People’s Kitchen Harvest Dinner
Reinhard Street Community Farm
6171 Reinhard St.
Philadelphia
Oct. 4, 2024
Fernando Melo picked the petals off a sunflower head and held its face flesh against the grill. Was I at a cookout, I wondered, or had NOMA come to Philly?
The People’s Kitchen, a grassroots collaborative combating food insecurity by making free meals for all, hosted their own kind of cookout Friday night at their Community Farm on Reinhard street. And let me tell you — it wasn’t just hot dogs and hamburgers.

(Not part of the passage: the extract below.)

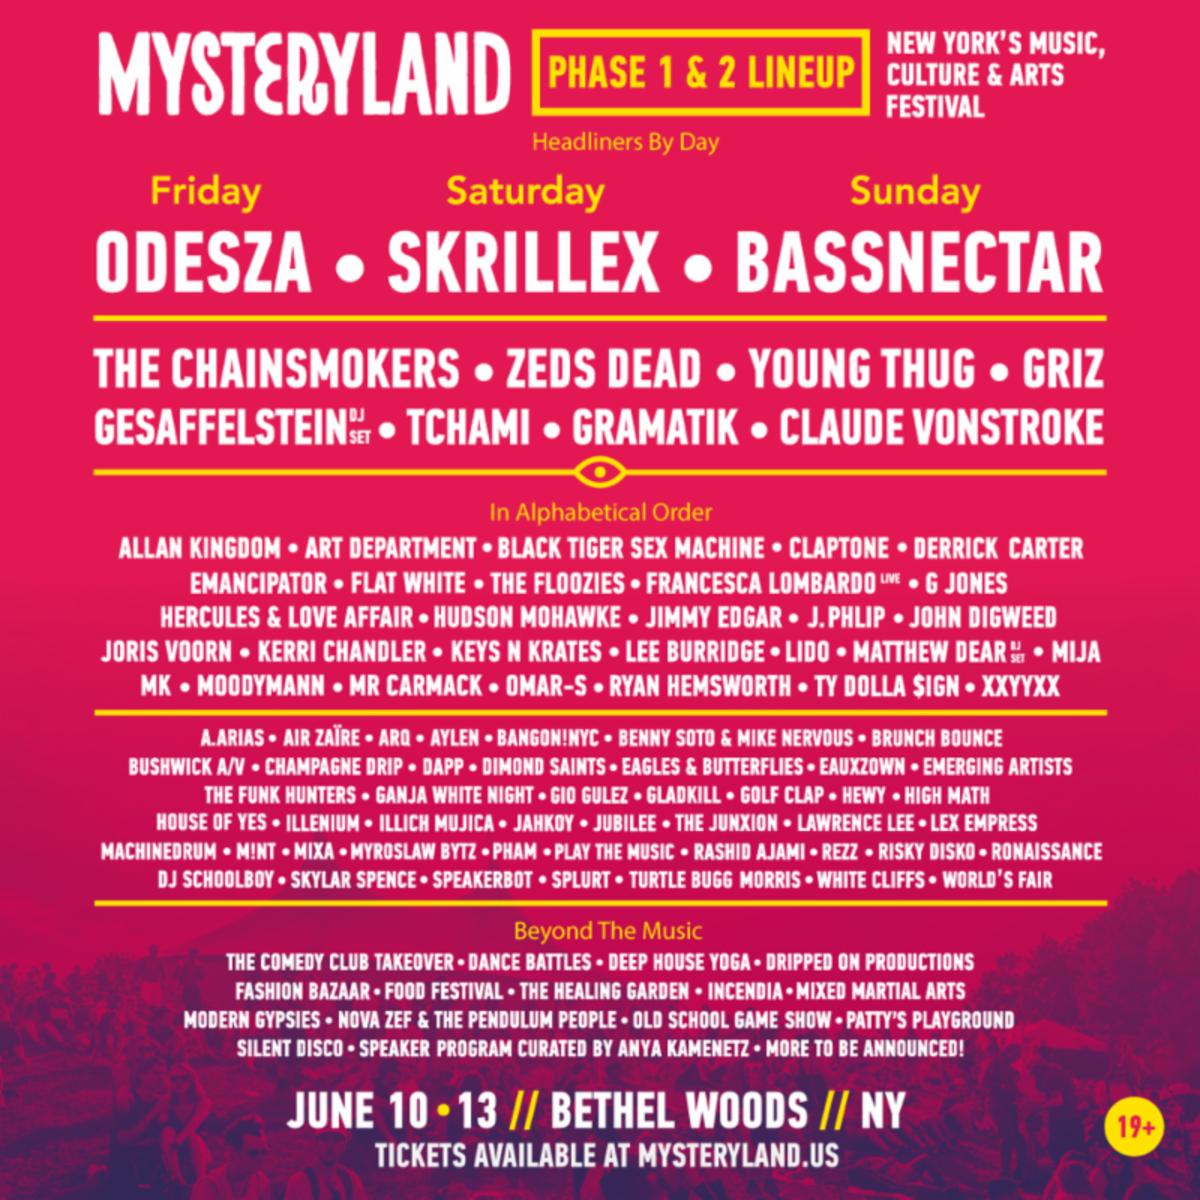 Mysteryland 2016 lineup

There was shrimp, grilled chicken and salmon, homemade pound cakes, masa cookies, samples of Burmese and Malaysian cuisine.
The People’s Kitchen is a crew of volunteers that got together during the Covid-19 pandemic to make hot meals to anyone and everyone at no cost. Friday’s dinner, while free, also sought to gather funds via donation to increase the amount of produce the nonprofit generates across its farmland, including at Reinhard.
The mutual aid group is run primarily by refugees and undocumented immigrants making food to distribute back into their communities and across Philly at large. That was on display during Friday’s dinner, where people from all walks of life joined the party, preparing their own contribution to the potluck with evident pride.
A community of Karen refugees from Burma huddled together, slowly garnishing their food trays before distributing the goods onto everyone’s dishes. A Black auntie with beautiful hair spoke loudly about how the sweet potato pie used root veggies straight from the garden. The tíos and tías grilled as if their hearts depended on it, putting on an almost theatrical performance. University of Pennsylvania students helped in any way they could.
“Gourmet” is a total understatement for what I was eating and experiencing. These folks were more hospitable than my own family; I even enjoyed an appetizer at this free-to-the-public dinner (sorry, Auntie Kelly!) and I’m not talking potato chips.
I started my meal off with a sunflower head (which is fully edible, by the way) that had been slowly roasted accompanied by some grits. Because of the high density of water that the sunflower head had, the whole head had a tender, sous vide-feel.The water never left the sunflower but instead made it so tender that you could pull it like a juicy chicken breast.
Post appetizer, I downed four full plates of food.
Even the chicken — a more standard cookout component — was next level: The chefs marinated the meat for at least five hours to build a harmony of flavors that could be felt the minute it reached our mouths. It was a holy matrimony of taste.
I begged the cook, Fernando Melo, to tell us how he did it. Papi replied, speaking English as clearly as he could: “I can’t tell you — it’s my secret sauce.” I pressed a little more. I knew there was limón in there! His facial expression immediately changed from that of a serious tío grilling for his family to a chico caught redhanded in mischief. The more we spoke the less confident I felt about what was actually in the dressing. But then again, is it really a good sauce without the secret?
Once the sun set, we watched a short film showcasing the project of People’s Kitchen and the individuals behind it. It was an additional level of nourishment to see stories of how migrants from Mexico City have found maintained ancestral practices of connecting to the land through farming at Reinhard and to hear neighbors express gratitude for those tending the garden.
I left feeling full in body and soul — it was like I had just stepped out of a short story from one of the Chicken Soup books.
A comrade who attended said this to me: “The best restaurant in Philadelphia is in the middle of the street in a little neighborhood full of row houses and vacant lots, jammed between Mount Moriah Cemetery and the railroad tracks.”
I have to say I agree. It’s not only that the mission is solid. It’s that the food is exceptional.
It makes sense that homegrown food, cross-cultural collaboration, and chefs with a sense of story and care are a perfect recipe for delicious food. But even while trying new foods I had never had before — like the sunflower — I was reminded of what’s lost when we separate food from its roots, as well as what’s gained through reconnection.
At the end of the day, it was the cookout that I cared about just as much as what was on my plate; good food tastes a lot better when you have people to share it with.